Blargian · web-flow · commit 62c7c3d1cbf1 · 2025-10-17T20:56:52.000+02:00
Doc Update: Clickhouse kafka connect performance tuning
diff --git a/docs/integrations/data-ingestion/kafka/kafka-clickhouse-connect-sink.md b/docs/integrations/data-ingestion/kafka/kafka-clickhouse-connect-sink.md
@@ -329,35 +329,330 @@ ClickHouse Kafka Connect reports the following metrics:
 - Batch size is inherited from the Kafka Consumer properties.
 - When using KeeperMap for exactly-once and the offset is changed or re-wound, you need to delete the content from KeeperMap for that specific topic. (See troubleshooting guide below for more details)
 
-### Tuning performance {#tuning-performance}
+### Performance tuning and throughput optimization {#tuning-performance}
 
-If you've ever though to yourself "I would like to adjust the batch size for the sink connector", then this is the section for you.
+This section covers performance tuning strategies for the ClickHouse Kafka Connect Sink. Performance tuning is essential when dealing with high-throughput use cases or when you need to optimize resource utilization and minimize lag.
 
-##### Connect fetch vs connector poll {#connect-fetch-vs-connector-poll}
+#### When is performance tuning needed? {#when-is-performance-tuning-needed}
 
-Kafka Connect (the framework our sink connector is built on) will fetch messages from kafka topics in the background (independent of the connector).
+Performance tuning is typically required in the following scenarios:
 
-You can control this process using `fetch.min.bytes` and `fetch.max.bytes` - while `fetch.min.bytes` sets the minimum amount required before the framework will pass values to the connector (up to a time limit set by `fetch.max.wait.ms`), `fetch.max.bytes` sets the upper size limit.

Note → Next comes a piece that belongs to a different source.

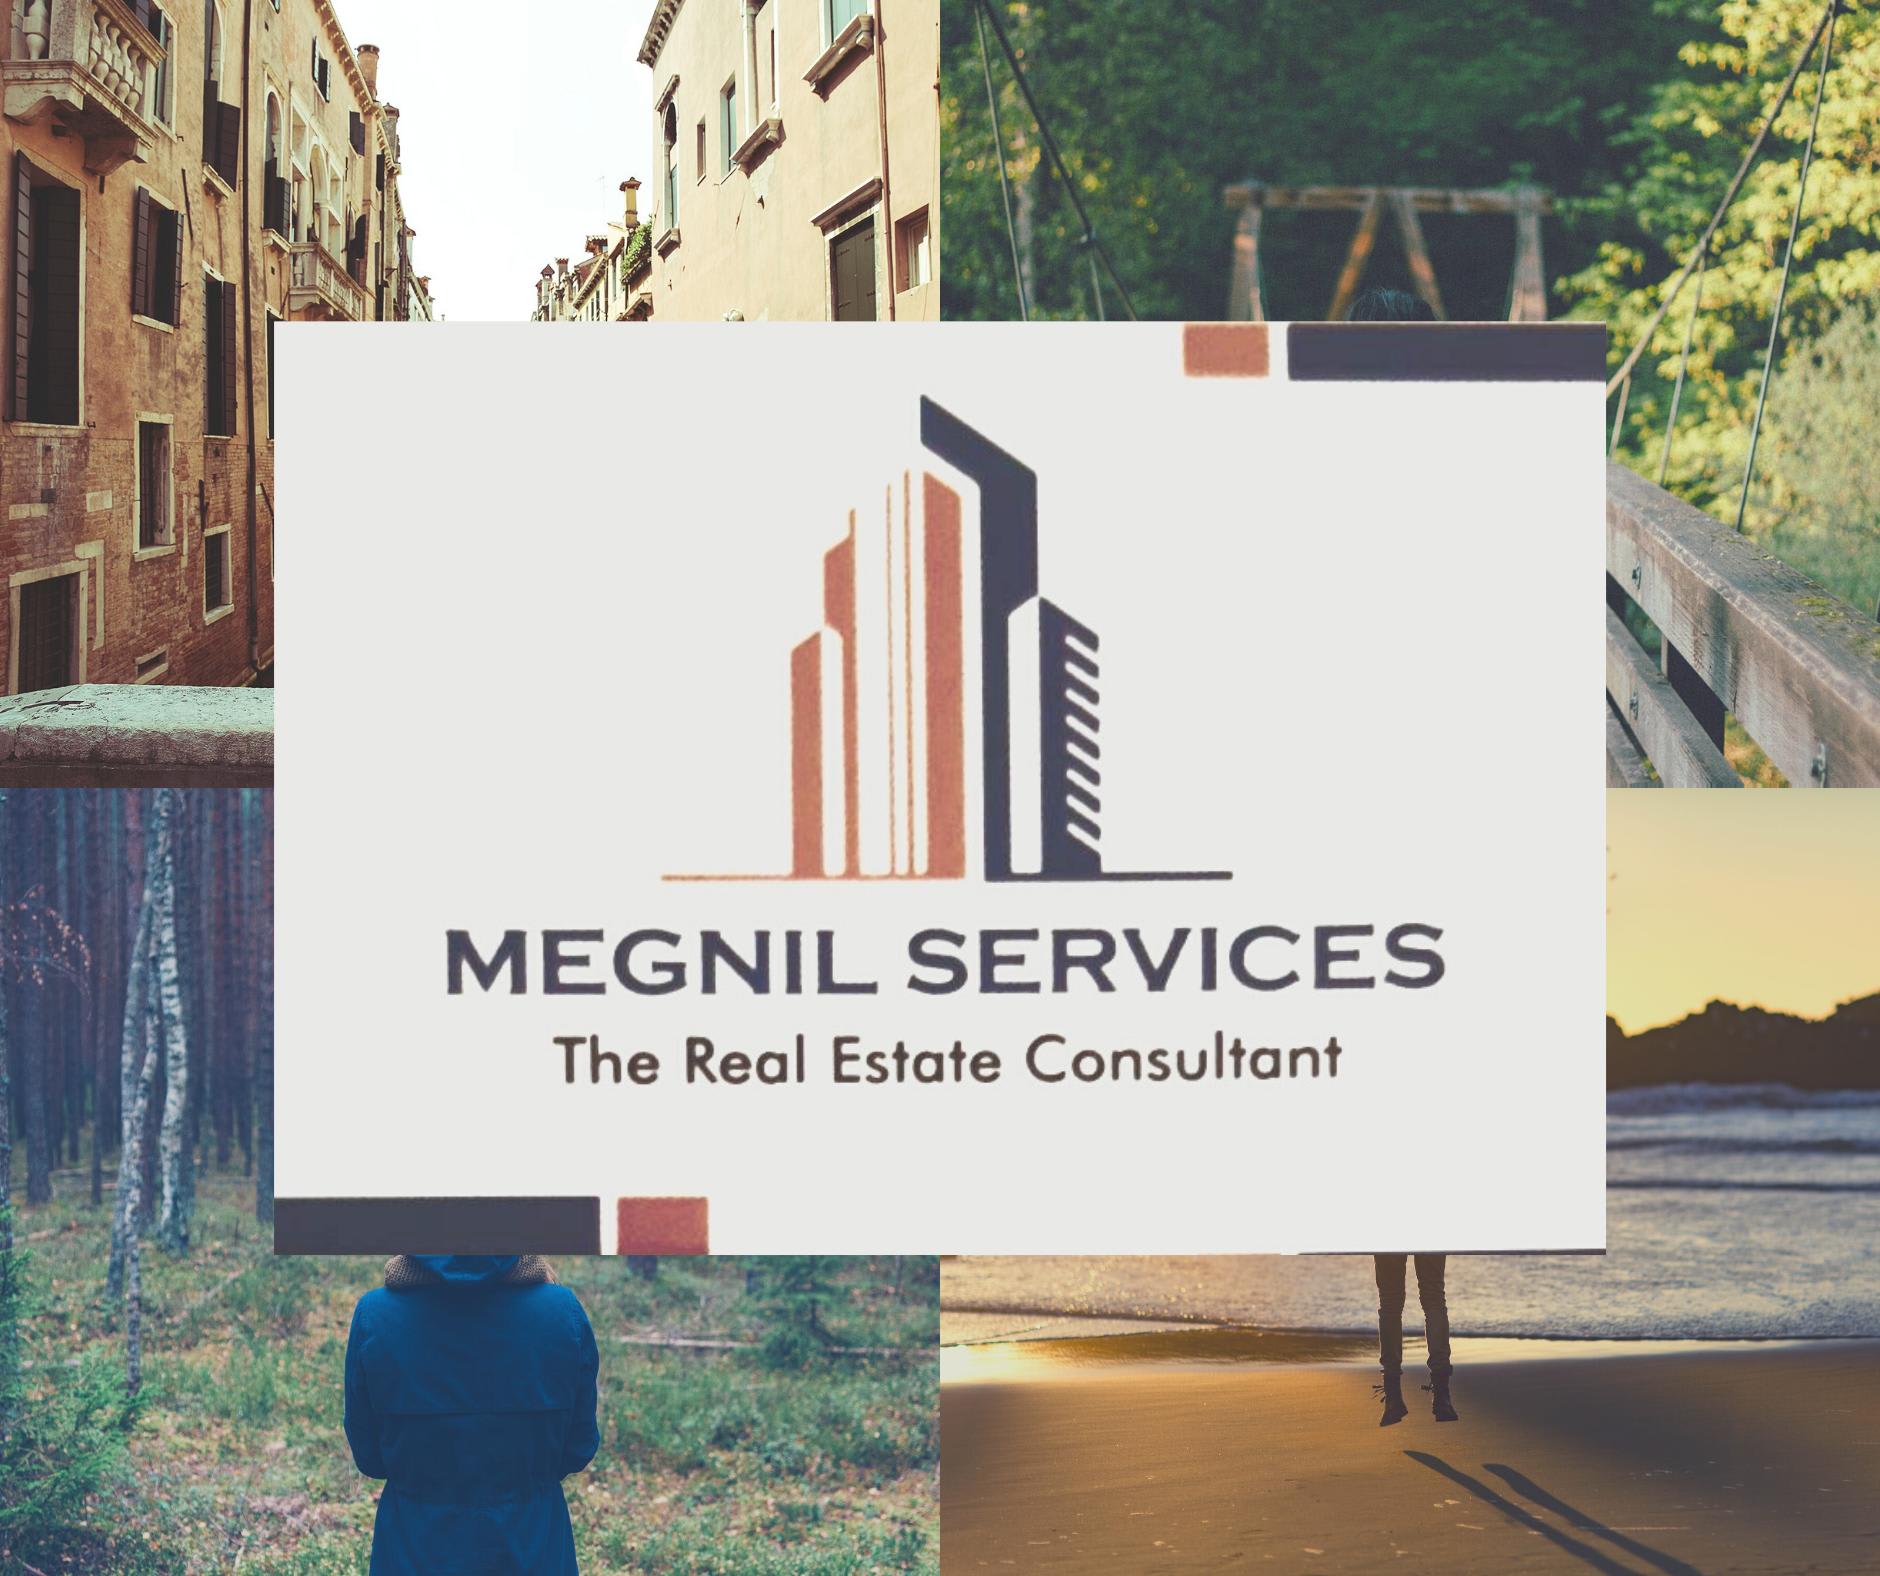 MEGNIL Services

If you wanted to pass larger batches to the connector, an option could be to increase the minimum fetch or maximum wait to build bigger data bundles.
+- **High-throughput workloads**: When processing millions of events per second from Kafka topics
+- **Consumer lag**: When your connector can't keep up with the rate of data production, causing increasing lag
+- **Resource constraints**: When you need to optimize CPU, memory, or network usage
+- **Multiple topics**: When consuming from multiple high-volume topics simultaneously
+- **Small message sizes**: When dealing with many small messages that would benefit from server-side batching
 
-This fetched data is then consumed by the connector client polling for messages, where the amount for each poll is controlled by `max.poll.records` - please note that fetch is independent of poll, though!

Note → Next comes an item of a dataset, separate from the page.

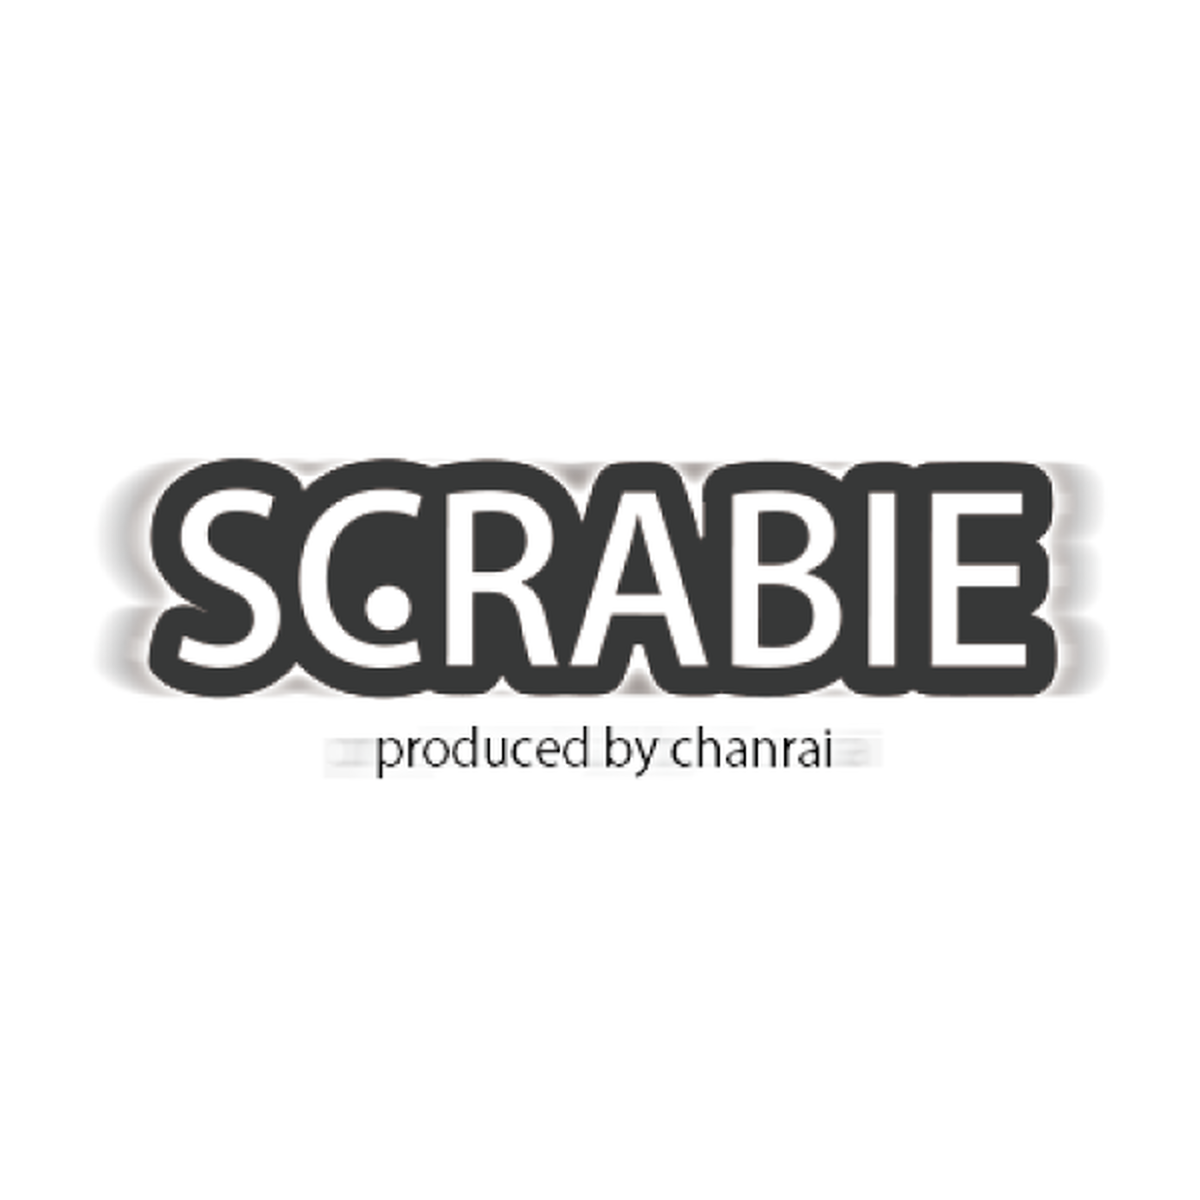 Scrabie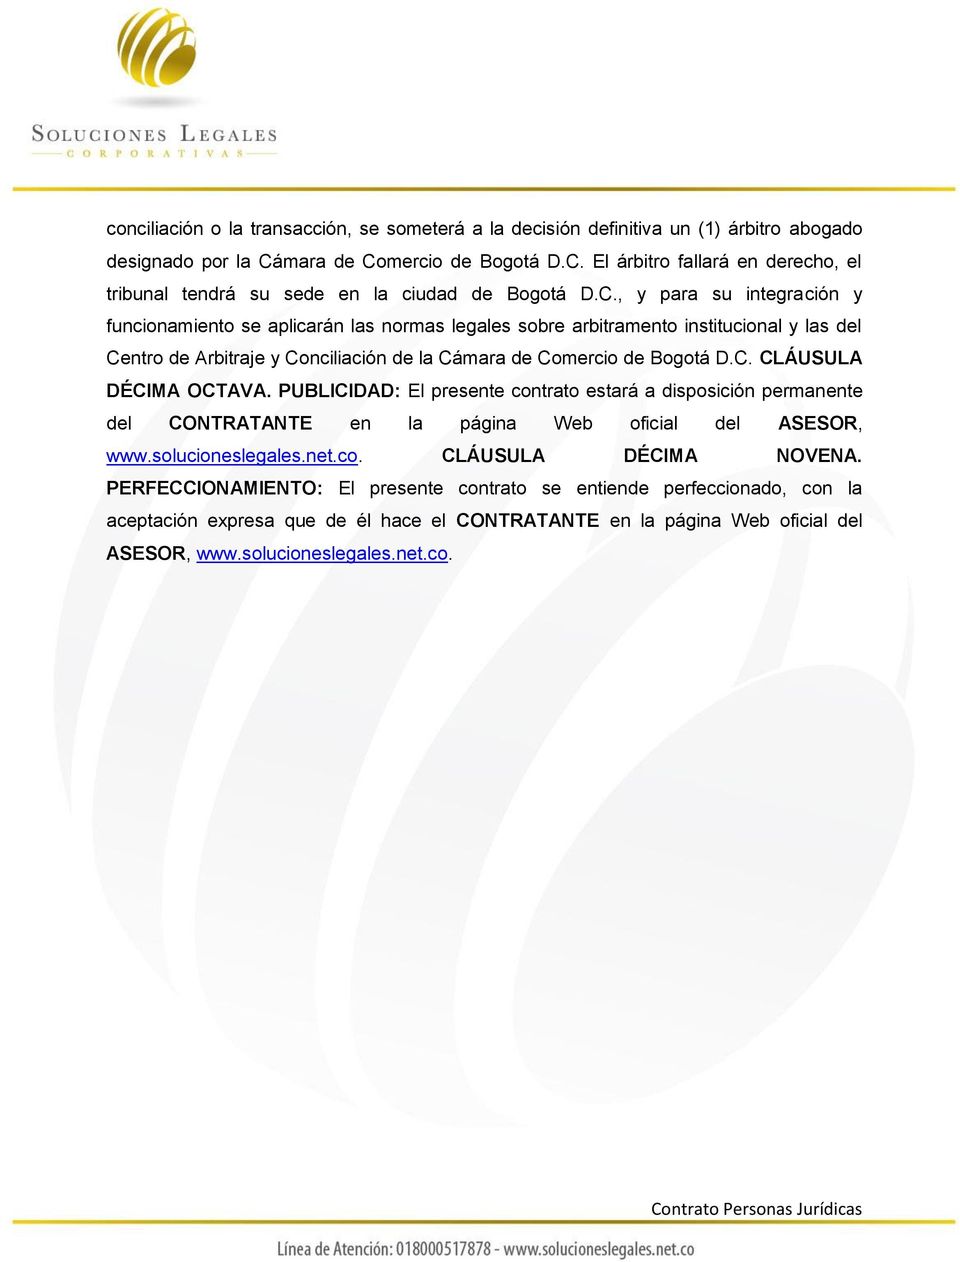 PUBLICIDAD: El presente contrato estará a disposición permanente del CONTRATANTE en la página Web oficial del ASESOR, www.solucioneslegales.net.co. CLÁUSULA DÉCIMA NOVENA.

+Performance tuning is **NOT typically needed** when:
 
-When tuning these settings, users should aim so their fetch size produces multiple batches of `max.poll.records` (and keep in mind, the settings `fetch.min.bytes` and `fetch.max.bytes` represent compressed data) - that way, each connector task is inserting as large a batch as possible.
+- You're processing low to moderate volumes (< 10,000 messages/second)

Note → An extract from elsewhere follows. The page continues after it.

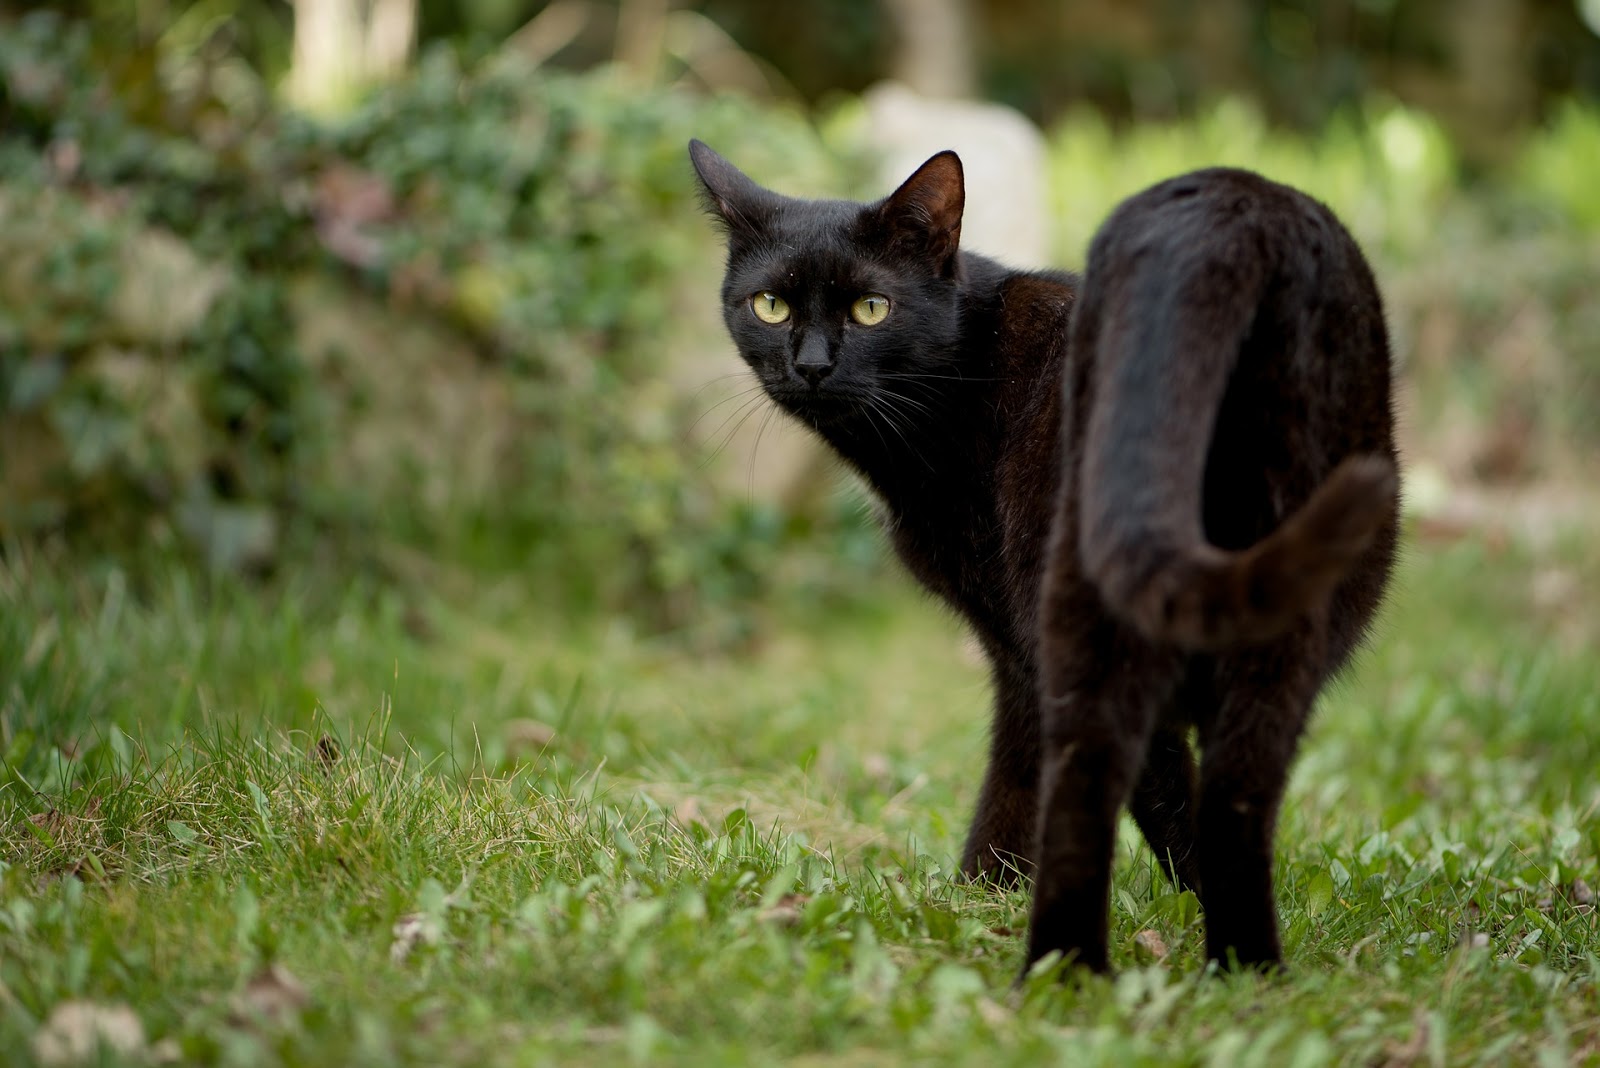 Black cat a mafarki

+- Consumer lag is stable and acceptable for your use case
+- Default connector settings already meet your throughput requirements
+- Your ClickHouse cluster can easily handle the incoming load
 
-ClickHouse is optimized for larger batches, even at a slight delay, rather than frequent but smaller batches - the larger the batch, the better.
+#### Understanding the data flow {#understanding-the-data-flow}
+
+Before tuning, it's important to understand how data flows through the connector:
+
+1. **Kafka Connect Framework** fetches messages from Kafka topics in the background
+2. **Connector polls** for messages from the framework's internal buffer
+3. **Connector batches** messages based on poll size
+4. **ClickHouse receives** the batched insert via HTTP/S
+5. **ClickHouse processes** the insert (synchronously or asynchronously)
+
+Performance can be optimized at each of these stages.
+
+#### Kafka Connect batch size tuning {#connect-fetch-vs-connector-poll}
+
+The first level of optimization is controlling how much data the connector receives per batch from Kafka.
+
+##### Fetch settings {#fetch-settings}
+
+Kafka Connect (the framework) fetches messages from Kafka topics in the background, independent of the connector:
+
+- **`fetch.min.bytes`**: Minimum amount of data before the framework passes values to the connector (default: 1 byte)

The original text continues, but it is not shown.